Helps LLMs access bot-protected websites. An MCP server that fetches HTML/markdown content from sites with anti-automation defenses using Scrapling.
Project description
Scrapling Fetch MCP
Helps LLMs access bot-protected websites. An MCP server that fetches HTML/markdown content from sites with anti-automation defenses using Scrapling.
Why This Exists
LLMs often can't access information from websites that implement bot detection, even when that content is easily accessible in your browser. This tool bridges that gap by providing a simple way for AI assistants to view the same content you can.

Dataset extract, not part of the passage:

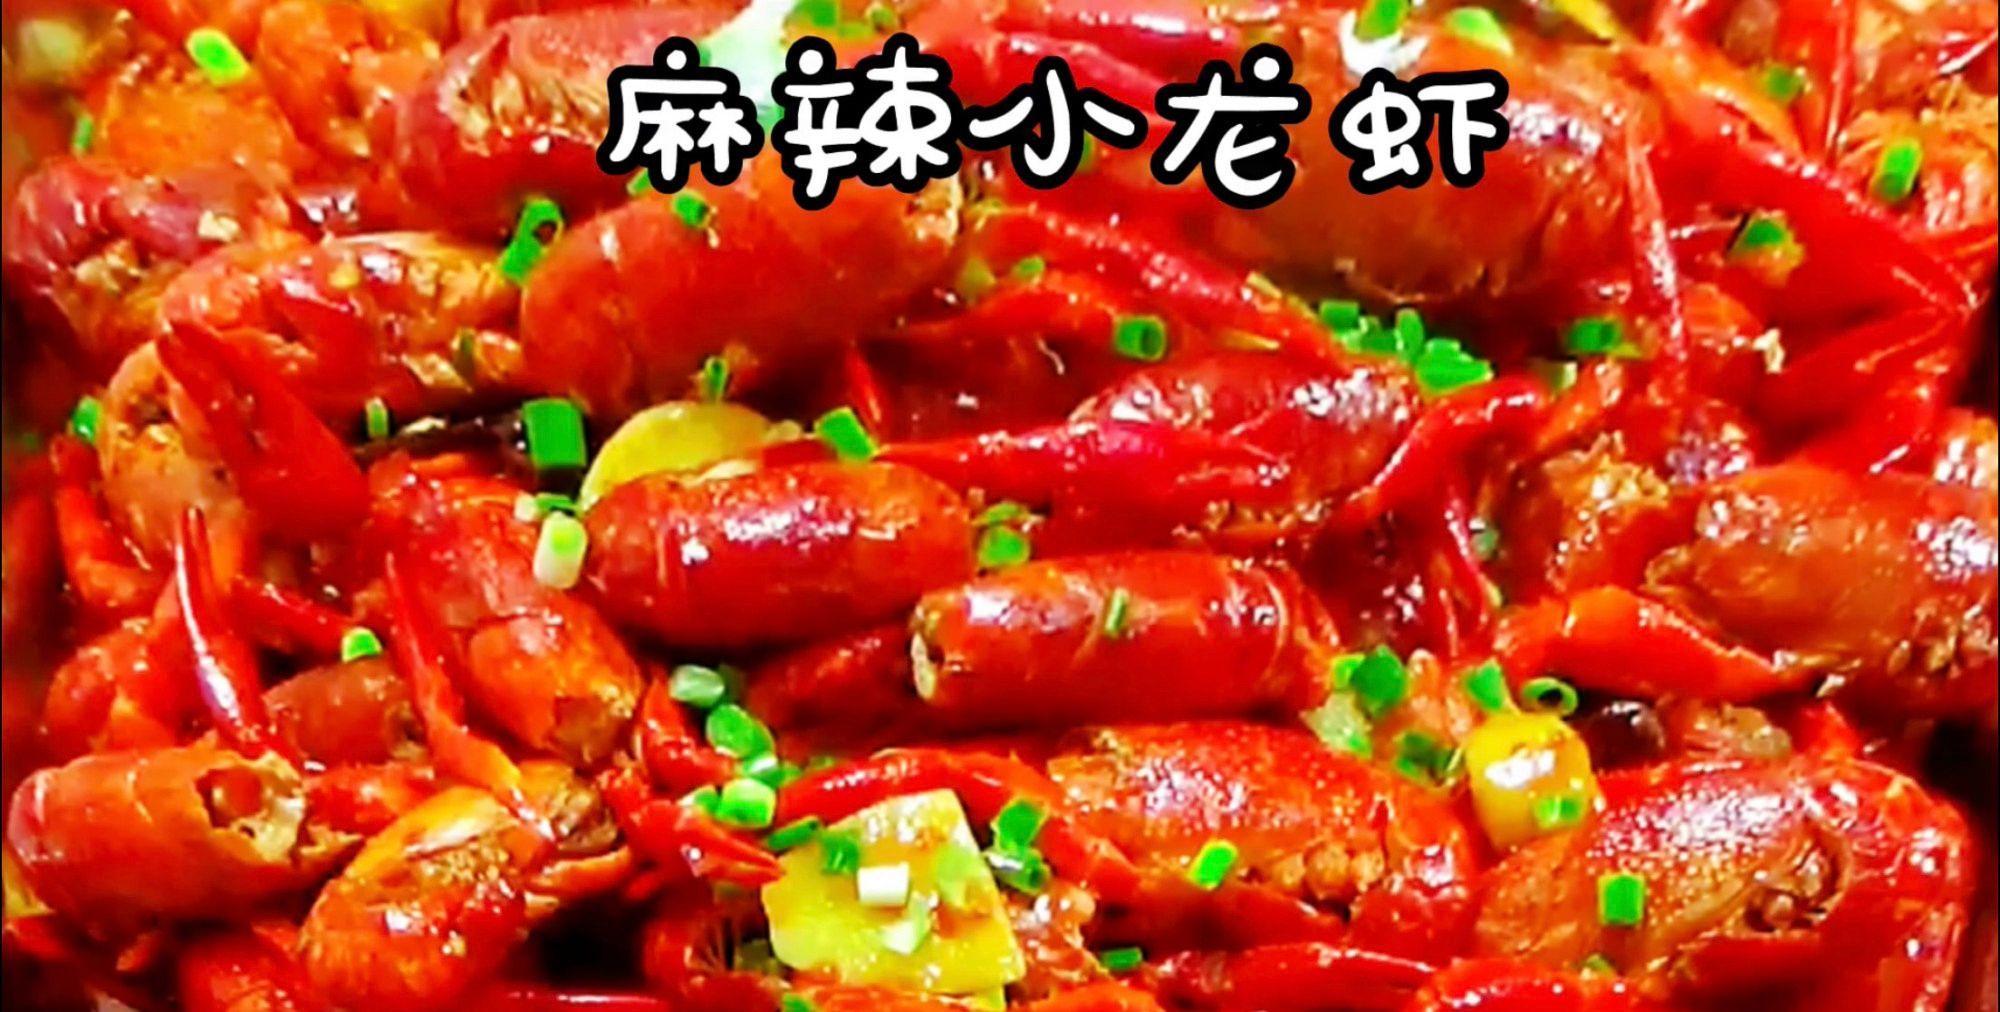 麻辣小龙虾的做法步骤图

Note: This project was developed in collaboration with Claude Sonnet 3.7, using LLM Context to share code during development. Initial vibe code session with Sonnet to get to a working prototype + several curation sessions where I (@restlessronin) refactored and refined with Sonnet's help.
Intended Use
This tool is optimized for low volume retrieval of documentation and reference materials (text/HTML only) from websites that implement bot detection. It has not been designed or tested for general-purpose site scraping or data harvesting.
Features
- Retrieve content from websites that implement advanced bot protection
- Three protection levels (basic, stealth, max-stealth)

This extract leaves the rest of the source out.